Reflection-Tuning: Data Recycling Improves LLM Instruction-Tuning
Ming Li, Lichang Chen, Jiuhai Chen, Shwai He, Heng Huang, Jiuxiang Gu, Tianyi Zhou
TL;DR
The paper tackles the data quality bottleneck in LLM instruction-tuning by introducing reflection-tuning, a data-refinement framework that uses an oracle LLM to introspect and improve both instructions and responses. Through two phases—instruction reflection and response reflection—the method generates recycled, higher-quality instruction–response pairs without requiring extra model training. Empirical results show that models trained on recycled data outperform baselines on AlpacaEval, Vicuna test sets, and Open LLM Leaderboard benchmarks, often surpassing larger open-source counterparts.

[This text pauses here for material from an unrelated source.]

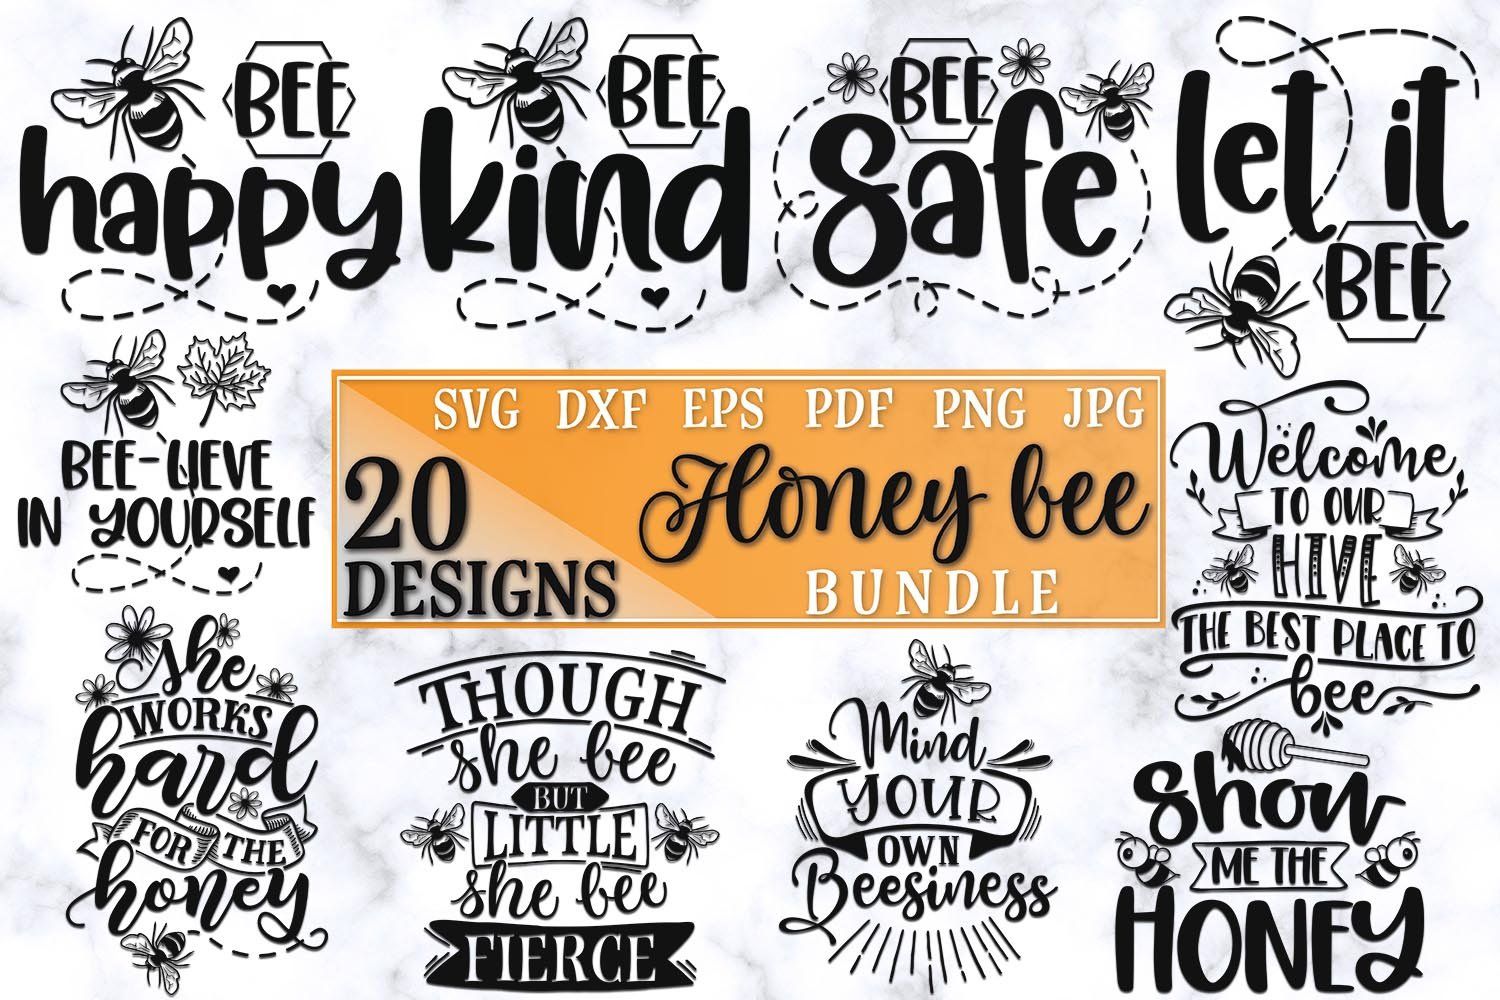 Download Bee Happy Svg Cut File Cute Bee Cutting File Kawaii Honeybee Svg Inspirational Quotes Silhouette Cricut Diy Vinyl Decals Baby Onesie T Shirt Clip Art Art Collectibles

The approach demonstrates data-efficient gains and broad applicability, suggesting a practical path to more reliable instruction-following LLMs.
Abstract
Recent advancements in Large Language Models (LLMs) have expanded the horizons of natural language understanding and generation. Notably, the output control and alignment with the input of LLMs can be refined through instruction tuning. However, as highlighted in several studies, low-quality data in the training set are usually detrimental to instruction tuning, resulting in inconsistent or even misleading LLM outputs. We propose a novel method, termed "reflection-tuning," which addresses the problem by self-improvement and judging capabilities of LLMs. This approach utilizes an oracle LLM to recycle the original training data by introspecting and enhancing the quality of instructions and responses in the data. Extensive experiments on widely used evaluation benchmarks show that LLMs trained with our recycled data outperform those trained with existing datasets in various benchmarks.